定年退職後の老人において感染が始まると、死者数が増えてくる可能性があります。

感冒罹患後2週以内の孫は祖父母に会わない方が良いのかもしれません。

2020年は3. くらいまでで流行が止まれば、来年は皆が抗体持ってるので、祖父母は守られる?

そして、一般感冒へ?

 今年の7月までには一旦流行は止まるでしょうけど、これだけ人間に親和性が高く、若年者を死亡させないウイルスであれば、翌年の冬も当然流行すると思われます。
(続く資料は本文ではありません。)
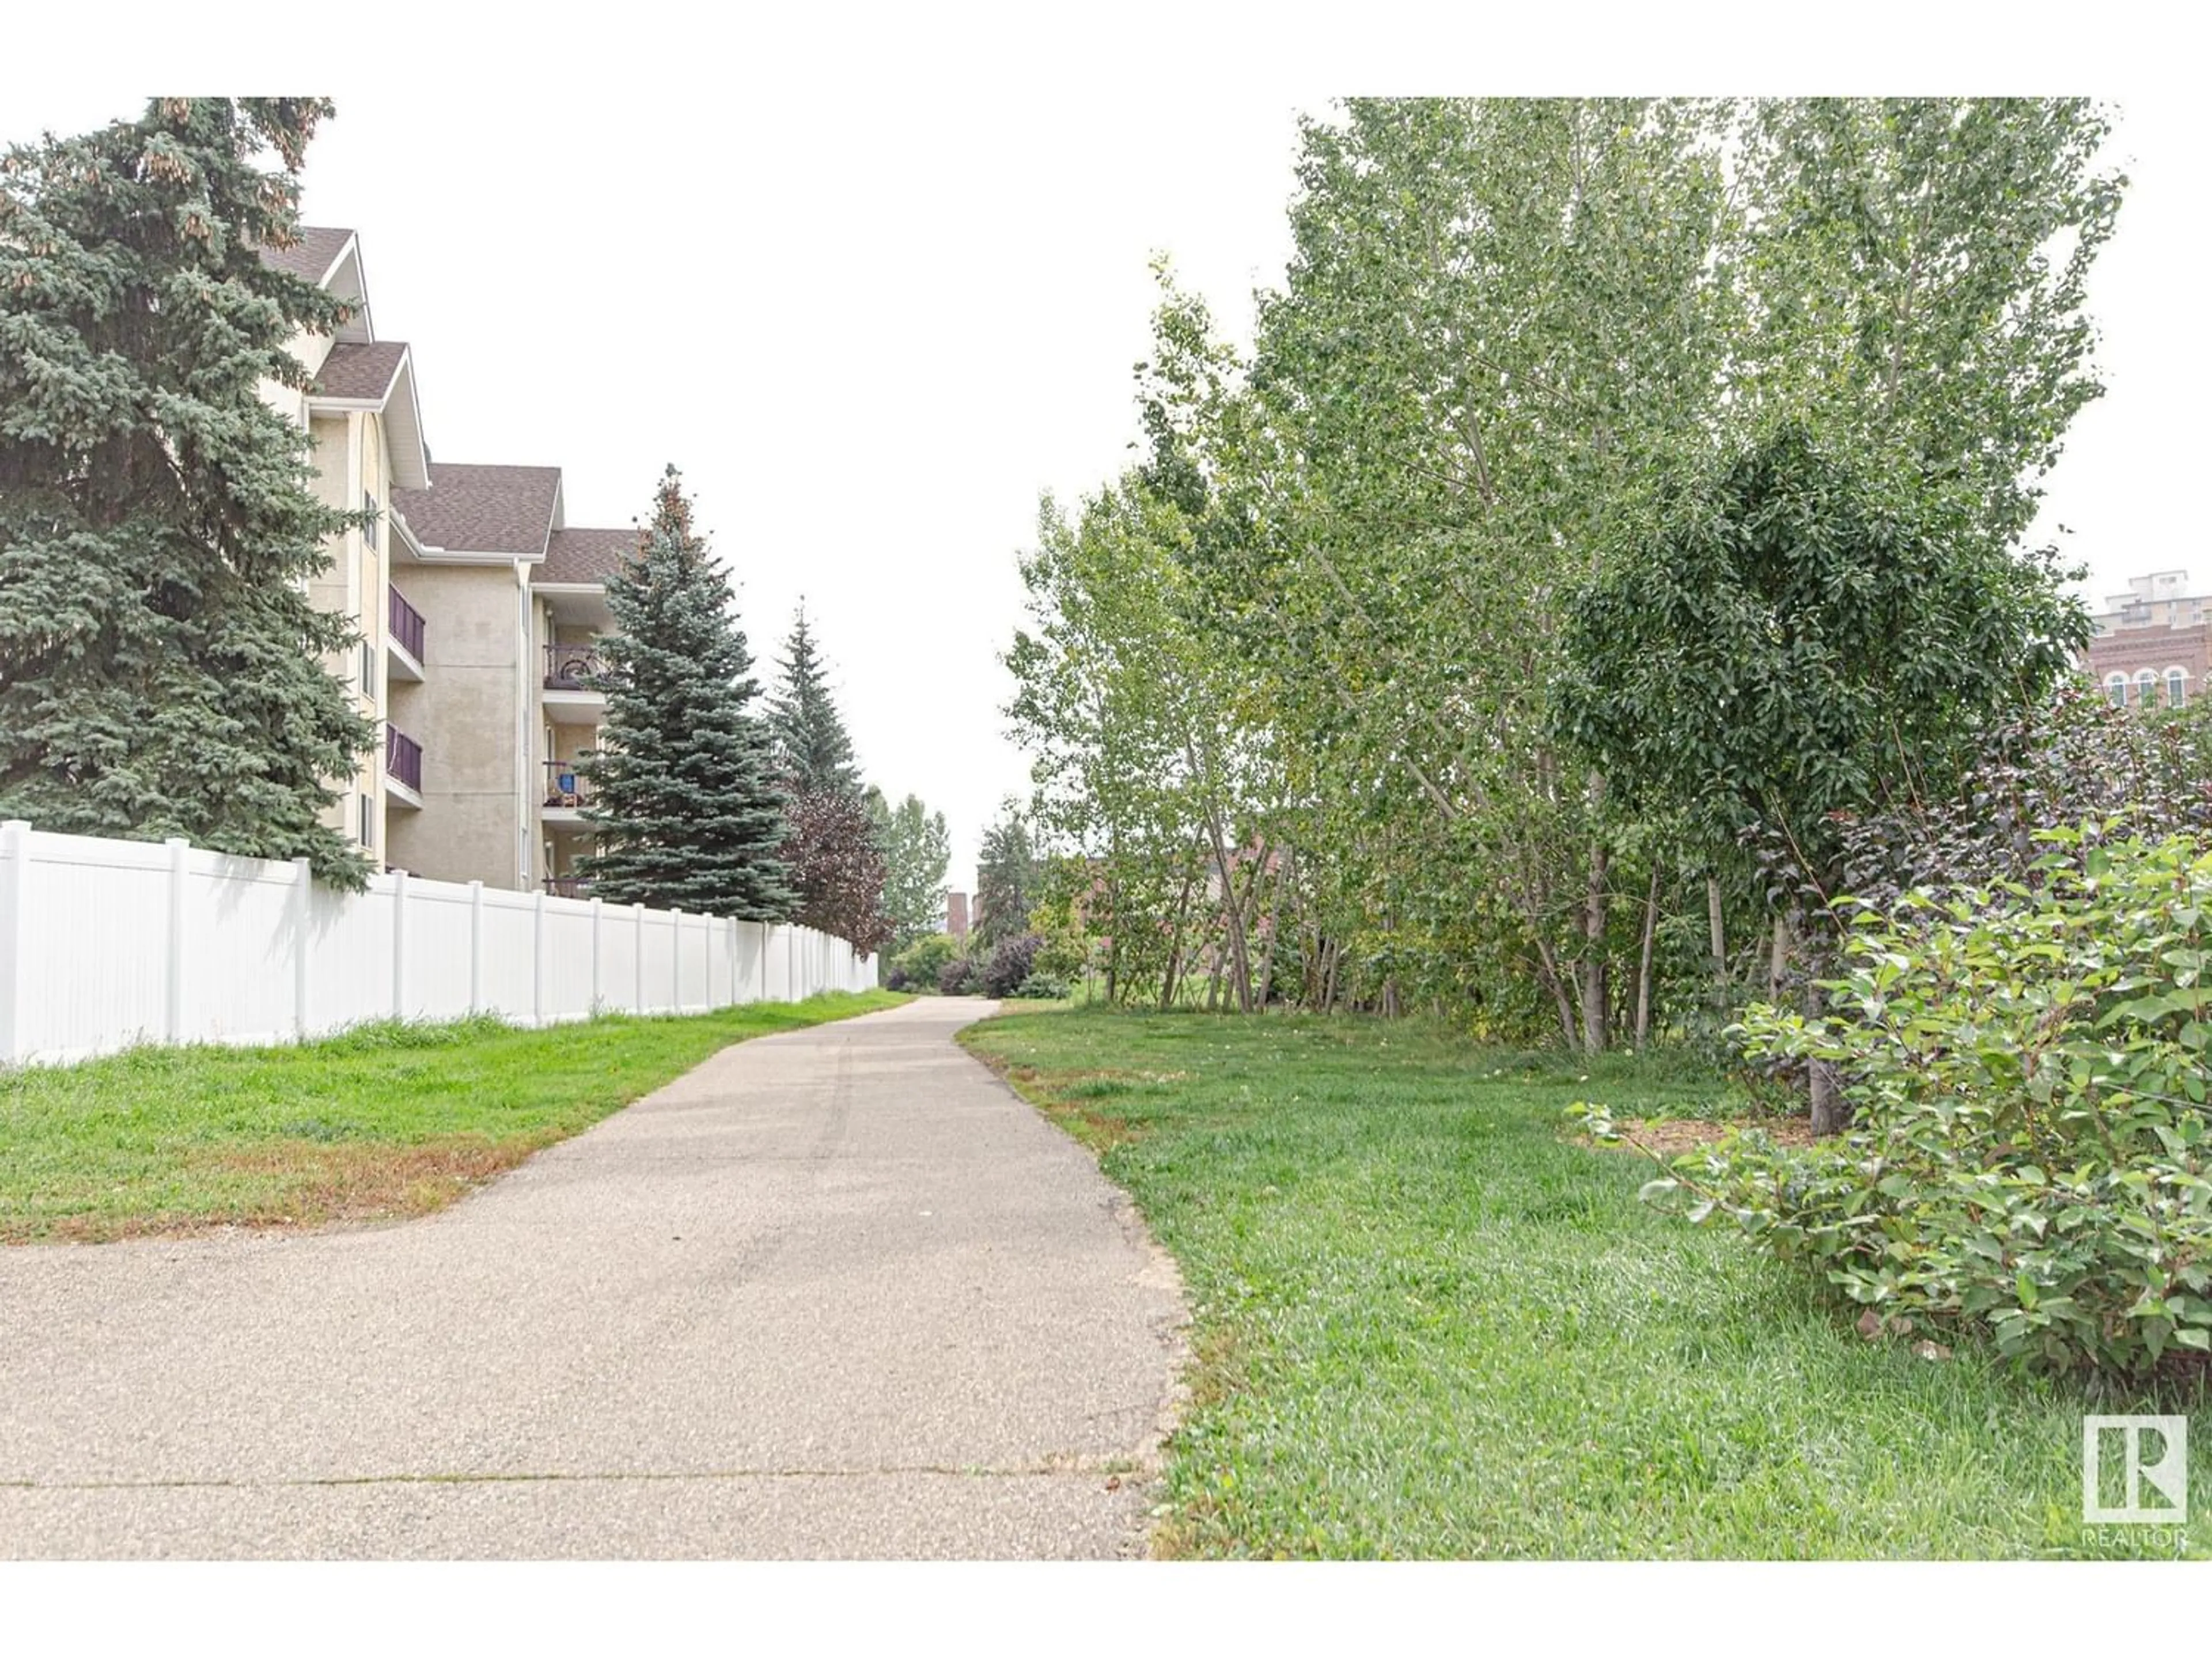 A pic from exterior of the house or condo for #372 10520 120 ST NW, Edmonton Alberta T5H4L9

 今後は、普通のコロナウイルスの一員となって、周期的に流行するのではないかと思われ、このウイルスから逃れて生きていく事は出来ないのではないかなあと思っておりますが、

 かといって、さっさと罹って抗体つけるなんてことを大勢にされると、一気に老人感染者数が増えて病院がパンクしますので、今季は、マスクで感染を最小限におさえましょう。